Eros'un sözleriyle gözlerini açtı. Sözlerinde haklıydı. Hepsinin bir görevi vardı. Jordan kendi görevini tamamlamış ve ait olduğu yerdeydi. Bunu istemese de kabullenmek zorundaydı. Bir daha çocuklarını ve eşini göremeyecek olmanın verdiği acıyla yaşamayı öğrenmeliydi. Derin bir iç çekerek bakışlarını Eros'a çevirdi. 

''Burası Hades'in yeraltı cenneti ve sadece çok özel ruhların gelebildiği bir yer.

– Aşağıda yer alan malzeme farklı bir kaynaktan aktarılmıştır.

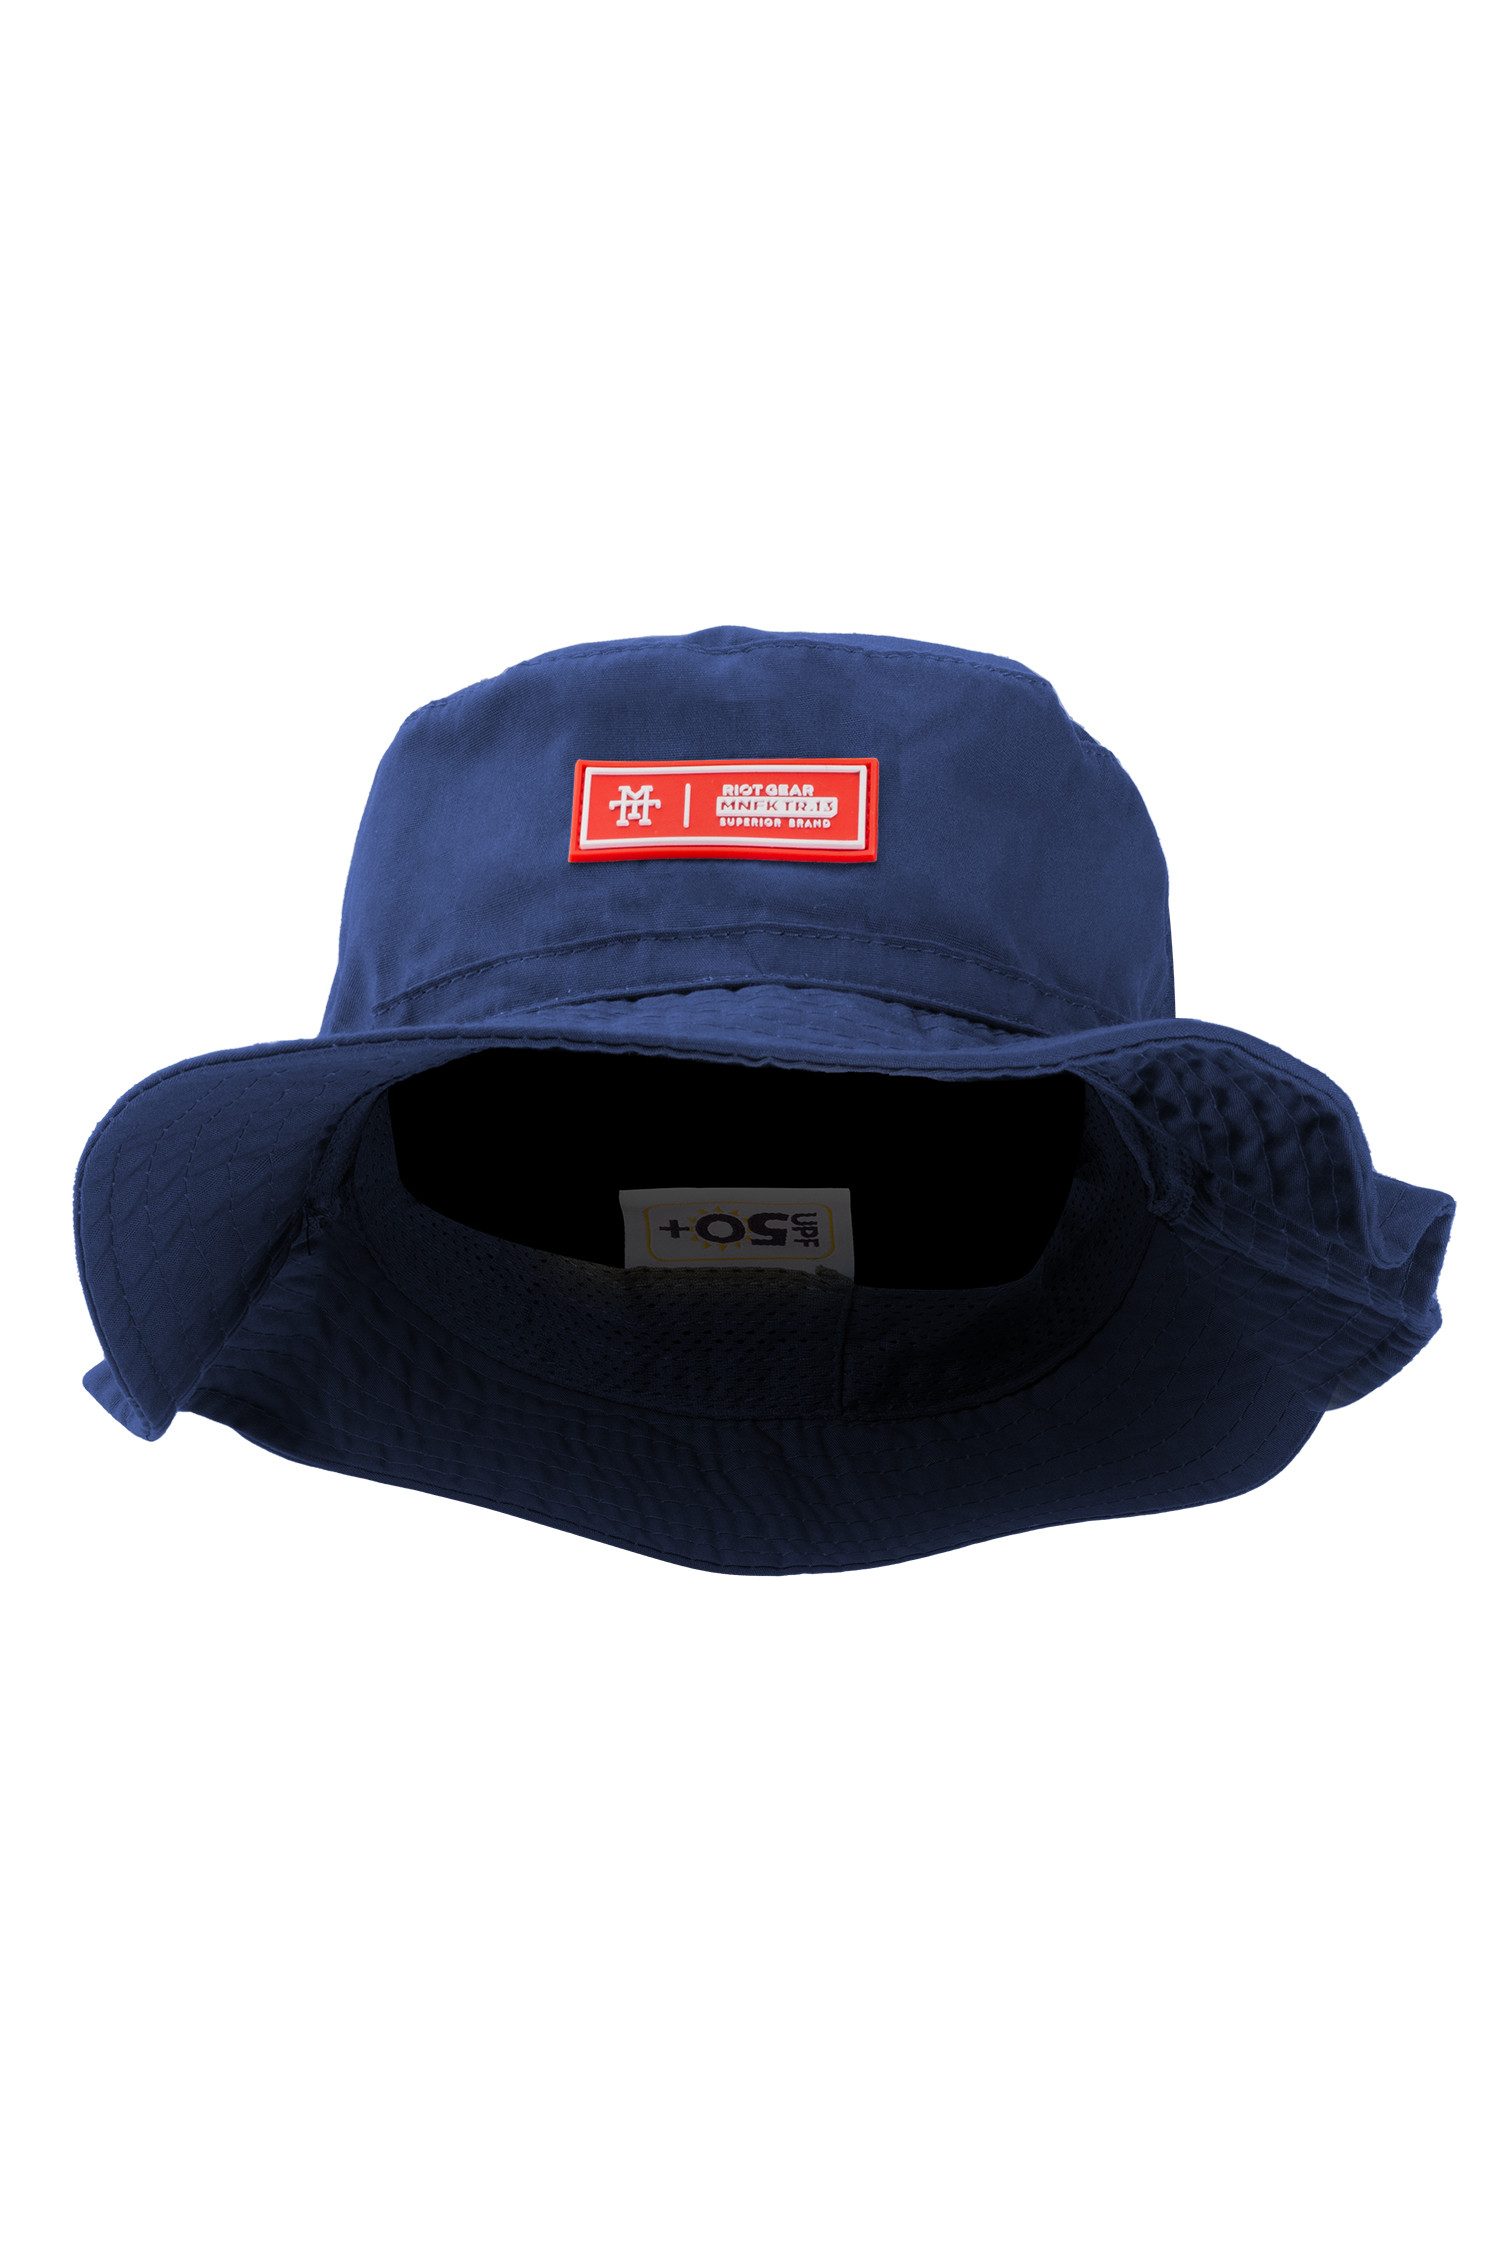 Manufaktur13 Sonnenhut Boonie Hat (Riot Gear) - Sonnenhut, Bucket Hat, Fischer Hut, Anglerhut mit UV-Schutzfaktor 50+

Peki neden buradan haberimiz yok?''
Eros orman sakinlerini birbirleriyle çiftleştirmeye devam ederken ''Öldükten sonra ruhların Elysion'da gidebilecekleri iki yer var. Cennet ya da cehennem. Ancak öyle ruhlar var ki Elysino'un en güzel bahçeleri bile o ruhu kabul etmez. Hades onlara üstün ruhlar demeyi tercih ediyor. Ruhları o kadar saf ve temiz ki içlerinde hiç kötülük barındırmıyorlar. Bu gördüğün yer saklı bahçe. Sadece o üstün ruhlar buraya gelebilir. Sende onlardan birisin.'' dedi Eros genç kıza göz kırparak. 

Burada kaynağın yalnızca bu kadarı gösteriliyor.